2. Strengthened Disclosure Framework for Not-for-Profit Organisations (Regulation 91C)
- Annual Disclosures: Financial disclosures to be filed with the Social Stock Exchange by 31 October or the due date of income-tax return filing, whichever is later and Non-financial disclosures (covering qualitative and social impact parameters) to be submitted within 60 days of financial year-end.
- This amendment aligns NPO disclosure timelines with statutory tax filing requirements, ensuring greater synchronisation between financial reporting and regulatory compliance.
3. Enhanced Impact Reporting for Social Enterprises (Regulation 91E)
- Under the amended Regulation 91E, SEBI has introduced enhanced impact reporting requirements for social enterprises. The terminology has been updated to replace the word “Firm” with “Organization” for consistency. Impact assessments must now be carried out by Social Impact Assessors in respect of listed projects, while non-listed projects may be self-certified.
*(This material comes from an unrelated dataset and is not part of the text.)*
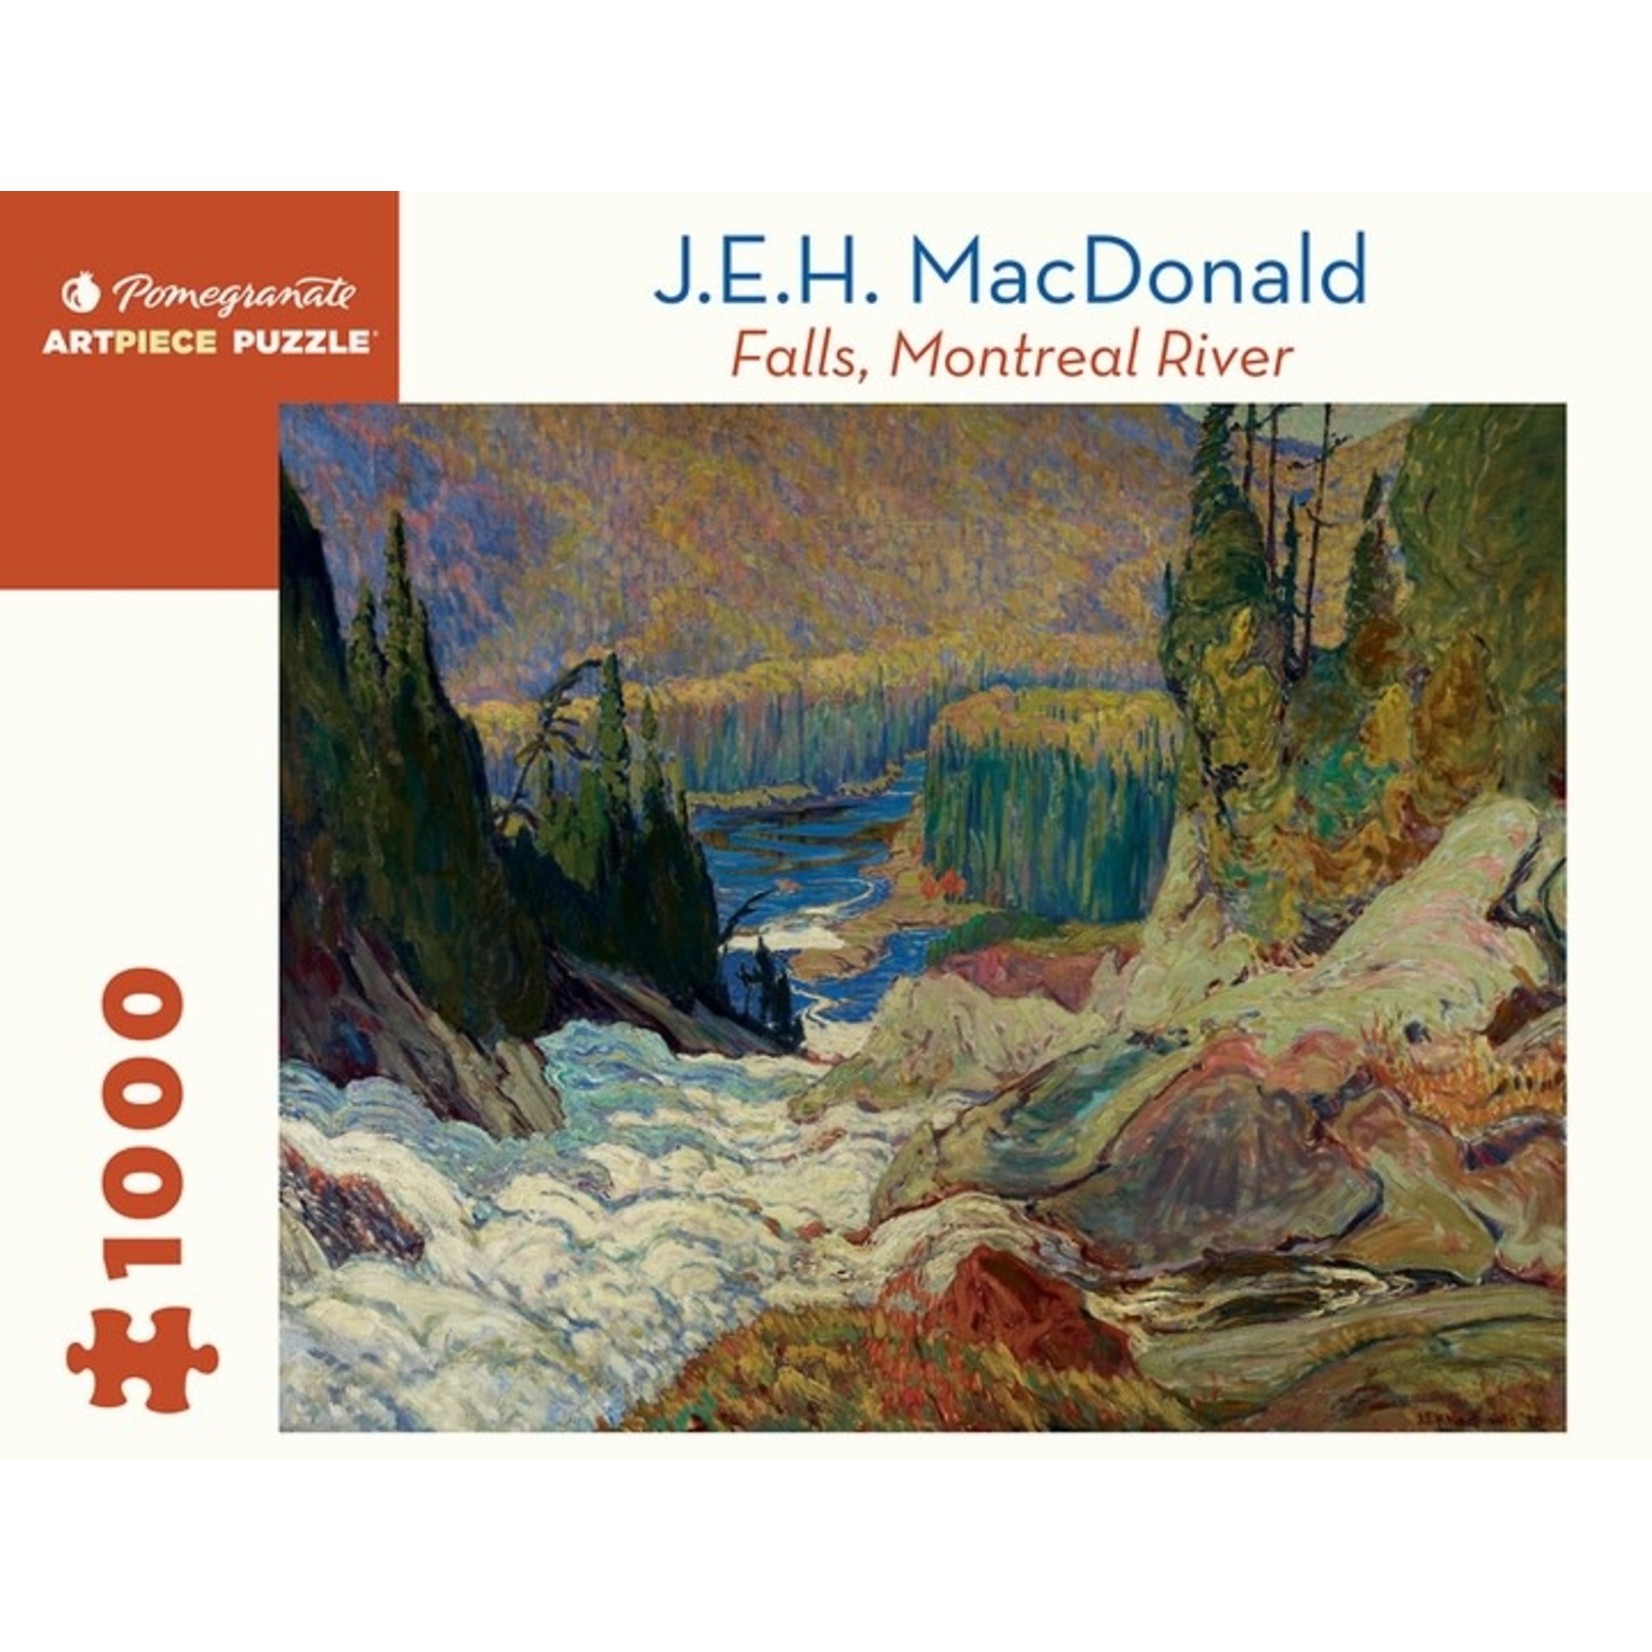 J.E.H. MacDonald: Falls, Montreal River 1000pc

- In addition, annual impact reports are required to demonstrate that at least two-thirds (67%) of the programme expenditure in the preceding financial year resulted in measurable social impact. Social enterprises registered on a Social Stock Exchange but not raising funds are still required to submit self-certified annual impact reports. Further, Not-for-Profit Organisations registered on a Social Stock Exchange but failing to raise funds must, within two years of registration, have at least one listed project; otherwise, their registration will lapse.
- These provisions tighten accountability for entities accessing the Social Stock Exchange, ensuring that registration is tied to genuine fundraising and measurable outcomes, while discouraging passive or non-compliant registration.
4. Omission of Certain Provisos in Schedule VII
- Specific provisos under Clause B of Schedule VII have been omitted, simplifying disclosure requirements and removing exceptions that previously diluted compliance obligations.
- The removal of carve-outs reflects SEBI’s intent to ensure uniform disclosure standards without exemptions that could undermine transparency.
Broader Context
These amendments must be viewed against SEBI’s broader regulatory trajectory:
- Dematerialisation Push: Since 2018, SEBI has progressively mandated dematerialisation of securities to eliminate paper-based risks. The present amendment closes residual gaps relating to corporate actions.
- Social Stock Exchange Evolution: Introduced in 2020 and operationalised in 2022, the Social Stock Exchange framework aims to mobilise capital for social enterprises. The 2025 amendments reflect SEBI’s response to practical challenges, particularly, the need to ensure active fundraising, credible impact measurement, and avoidance of dormant registrations.
Conclusion
The Third Amendment Regulations, 2025 significantly strengthen the compliance landscape under the LODR Regulations. Listed entities must ensure strict adherence to the dematerialisation mandate, while NPOs and social enterprises operating on Social Stock Exchanges must recalibrate their disclosure practices, impact assessment mechanisms, and fundraising strategies.
For market participants, these amendments reflect SEBI’s clear focus on investor protection, transparency, and accountability. Entities should strengthen their compliance frameworks, work closely with depositories and impact assessors, and revisit project structures to ensure full alignment with the enhanced regulatory requirements.